Stored data.
================

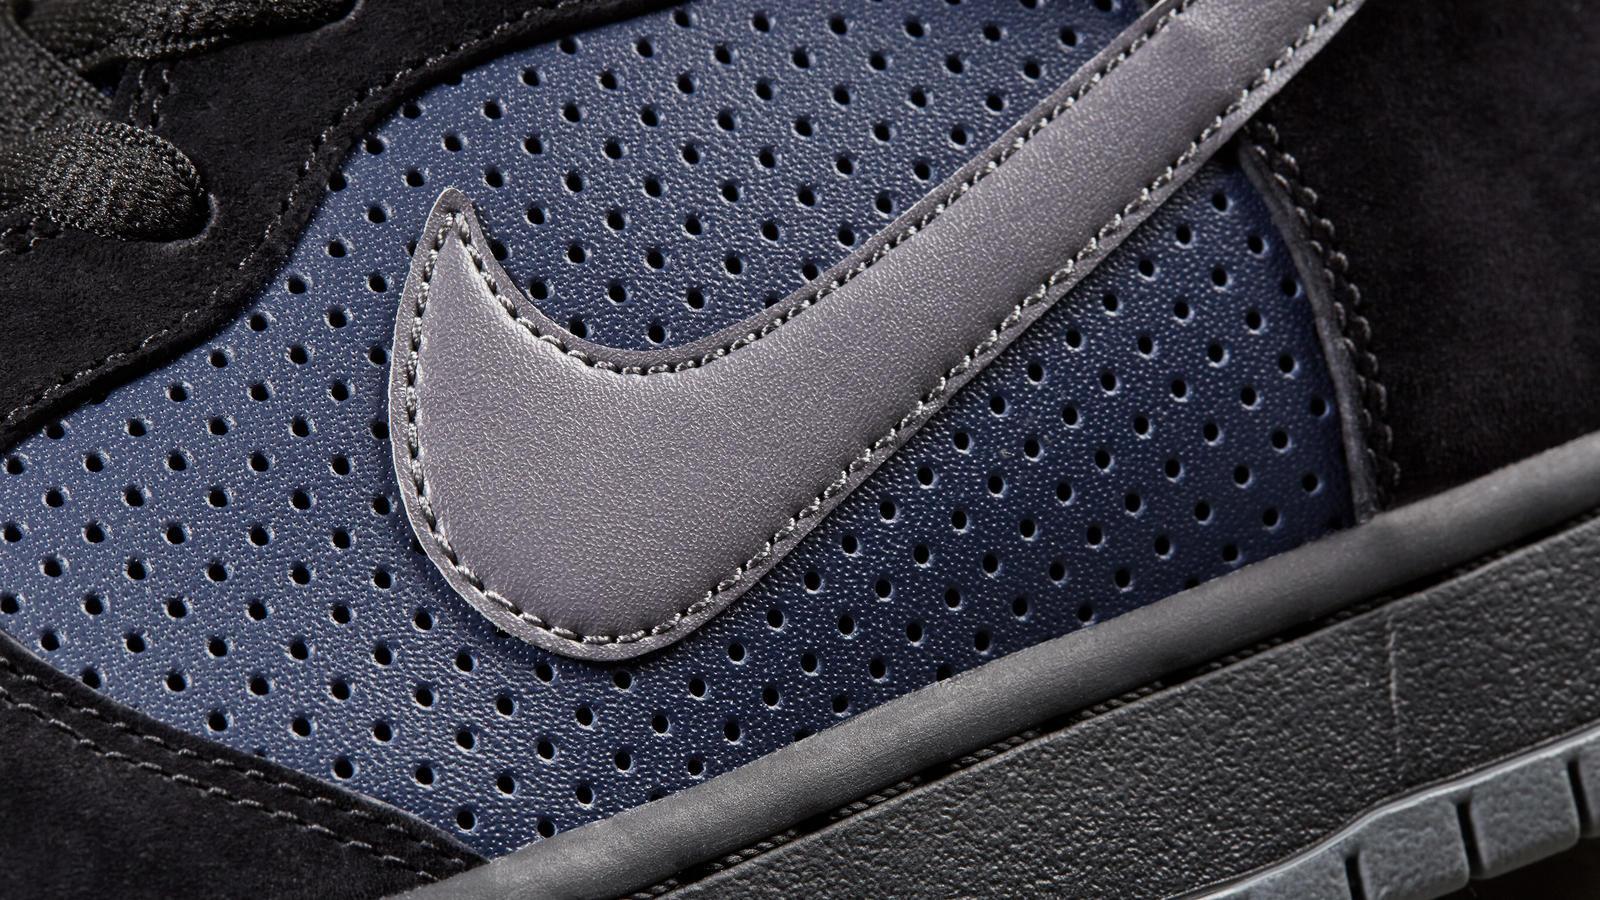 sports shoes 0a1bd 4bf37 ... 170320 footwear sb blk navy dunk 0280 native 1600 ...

================

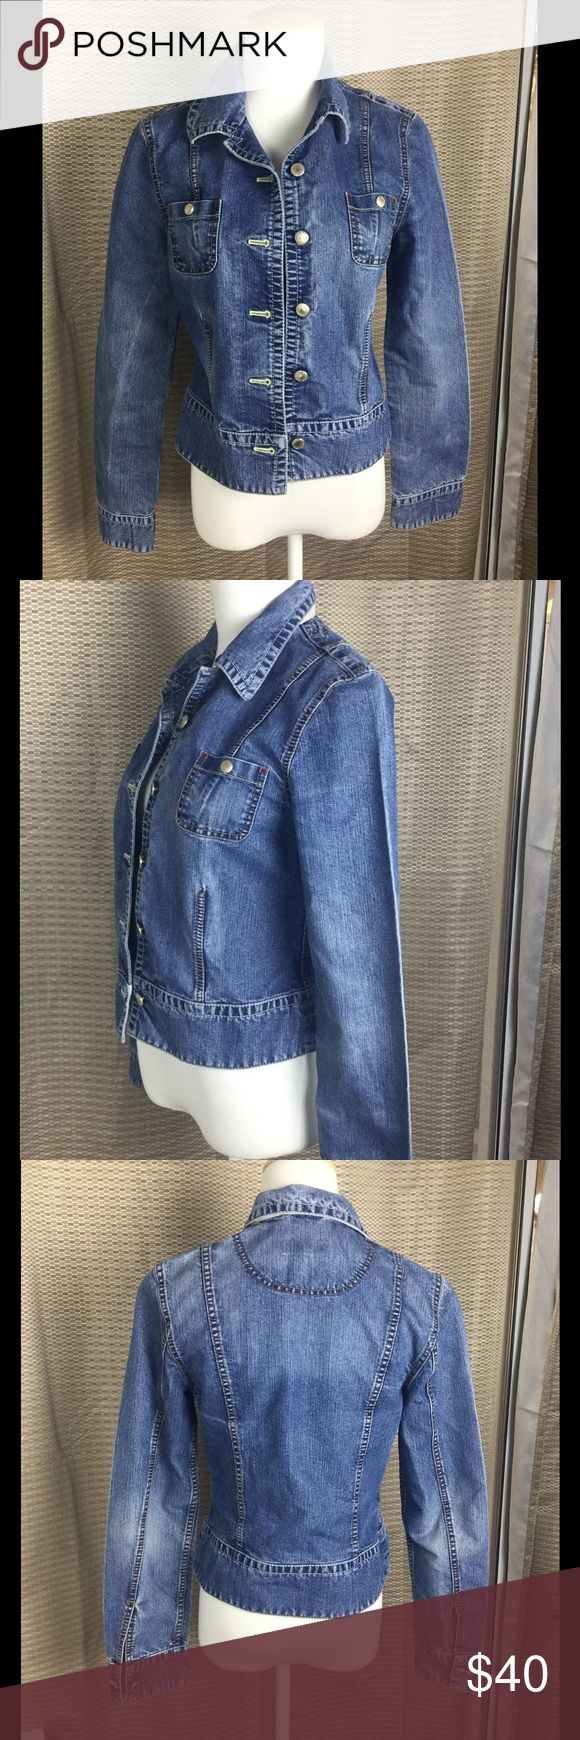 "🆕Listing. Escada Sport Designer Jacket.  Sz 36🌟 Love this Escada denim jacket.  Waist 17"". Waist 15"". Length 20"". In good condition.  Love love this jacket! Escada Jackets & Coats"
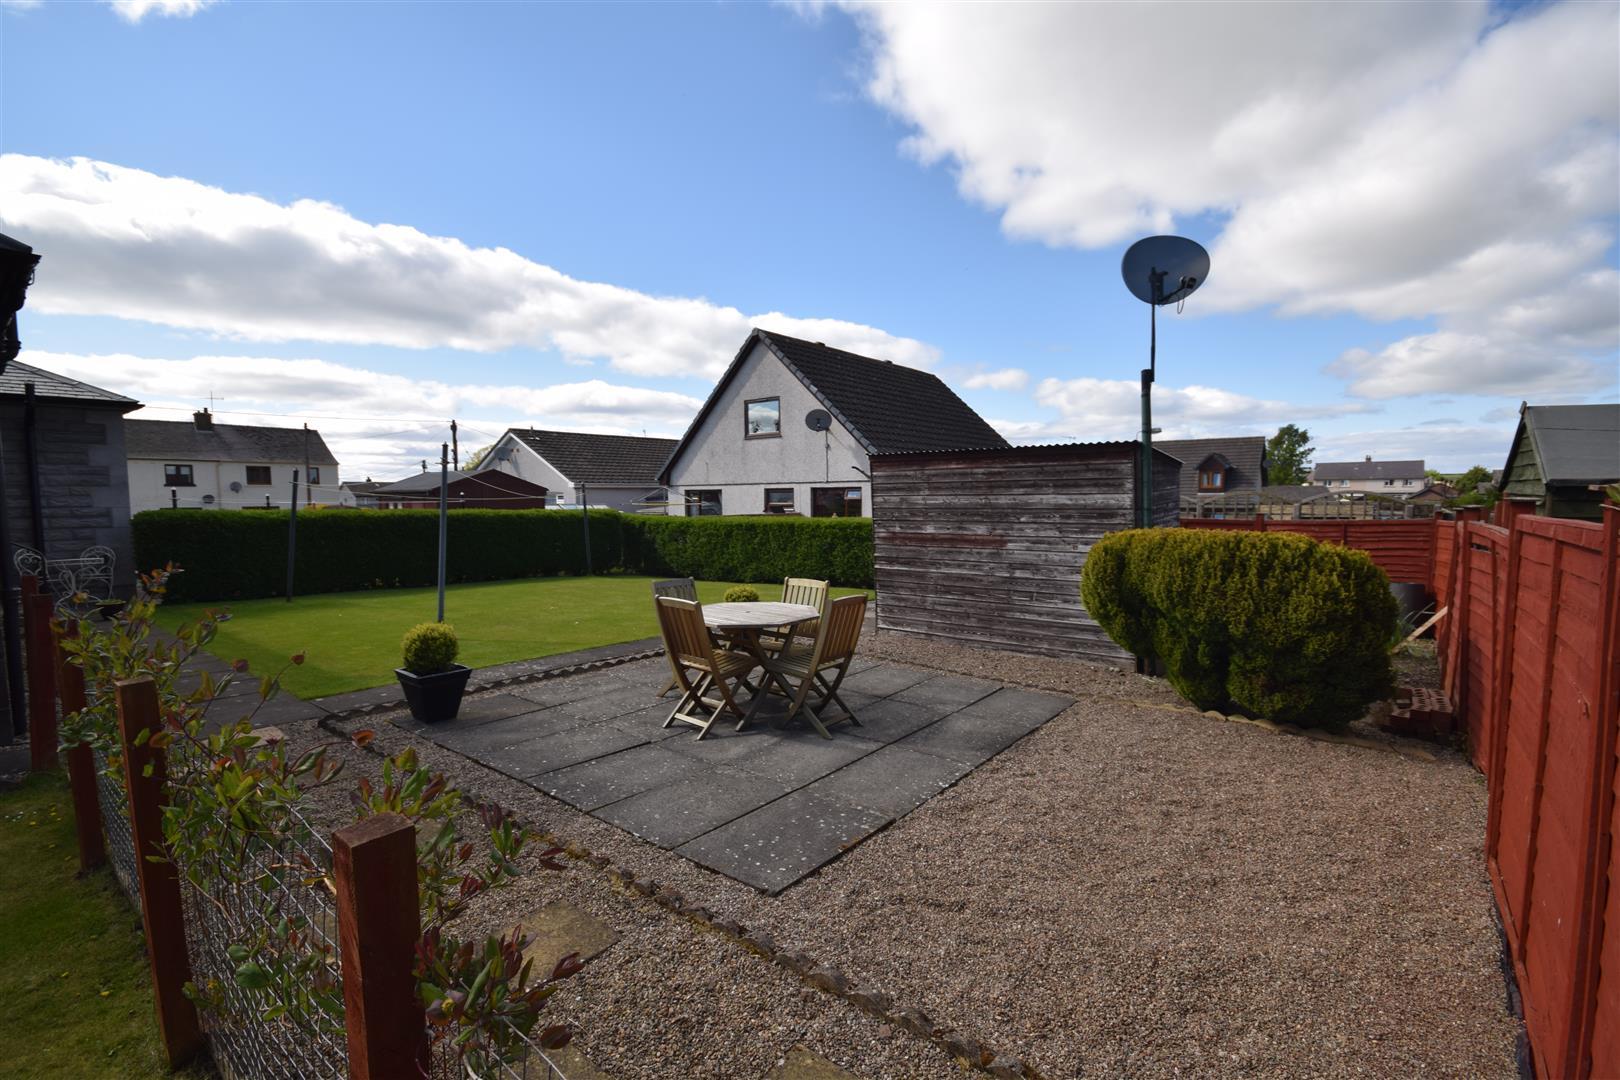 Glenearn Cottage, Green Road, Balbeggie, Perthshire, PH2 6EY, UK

================

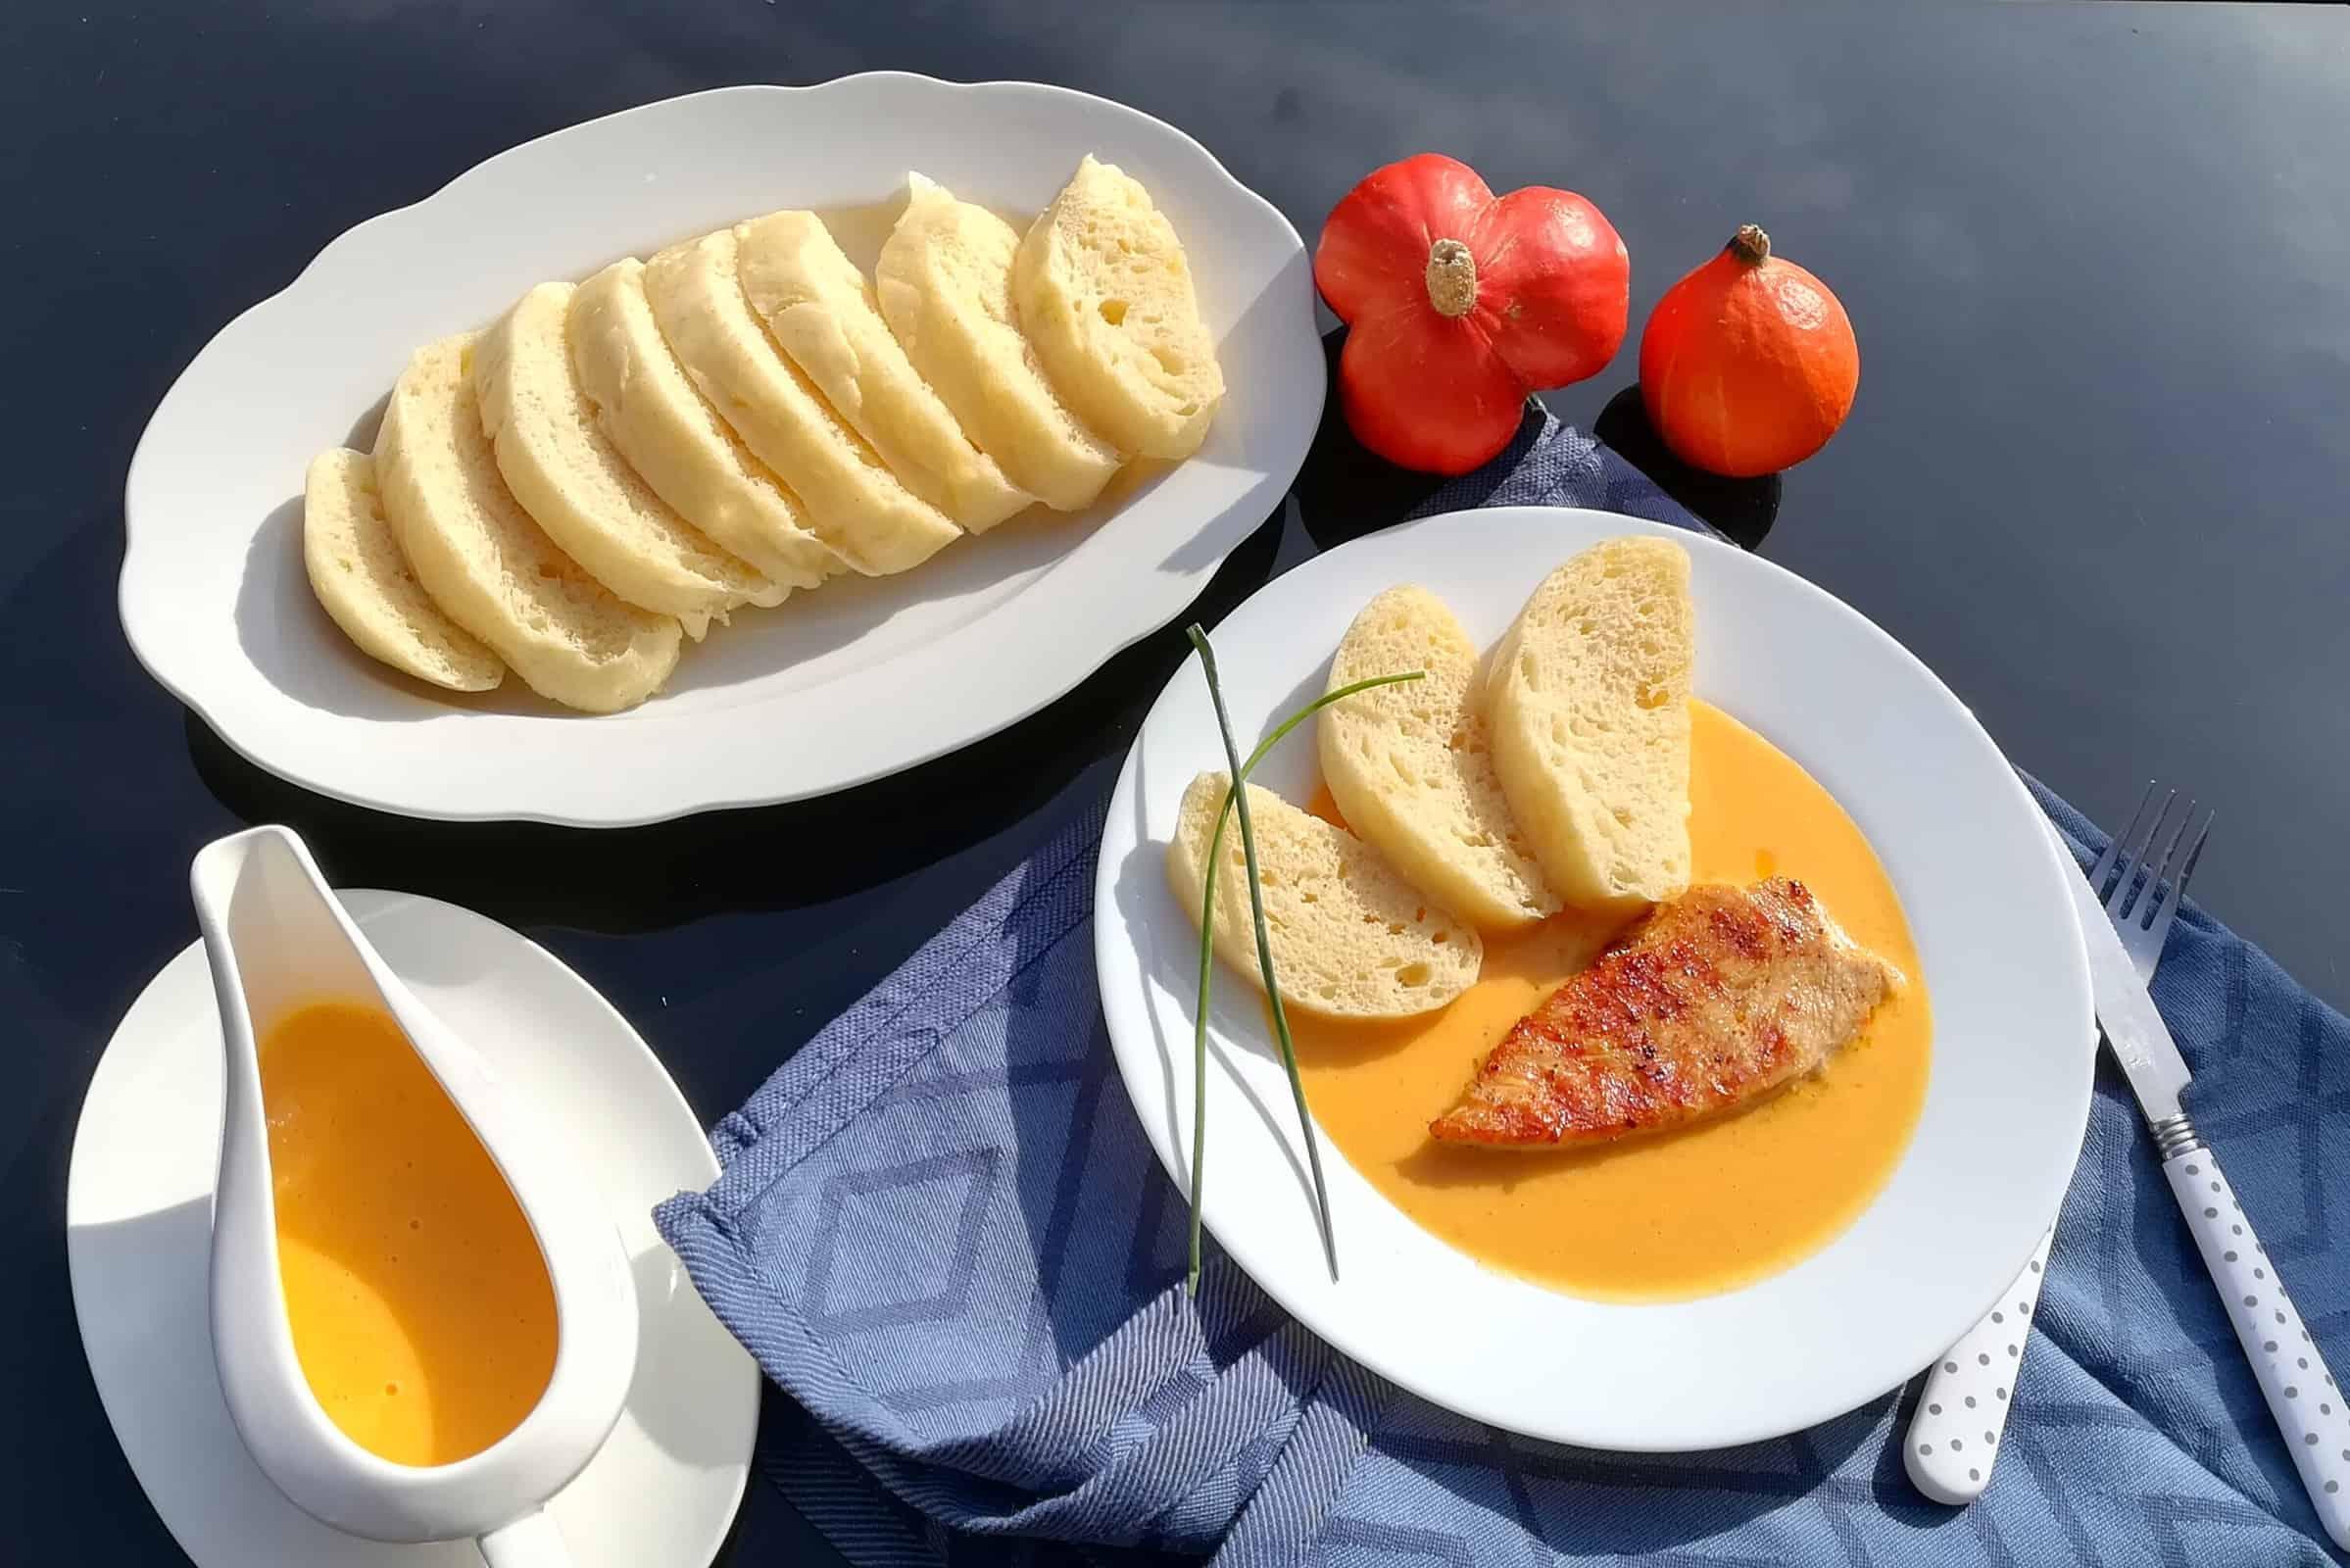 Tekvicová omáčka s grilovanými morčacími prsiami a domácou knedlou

================

Exercise prompt.
Above are some records; quote exactly and only the lines that begin at the line containing "Escada Sport Designer" and stop after the line containing "Glenearn Cottage, Green", leaving out the pictures.

Written response.
 "🆕Listing. Escada Sport Designer Jacket.  Sz 36🌟 Love this Escada denim jacket.  Waist 17"". Waist 15"". Length 20"". In good condition.  Love love this jacket! Escada Jackets & Coats"
 Glenearn Cottage, Green Road, Balbeggie, Perthshire, PH2 6EY, UK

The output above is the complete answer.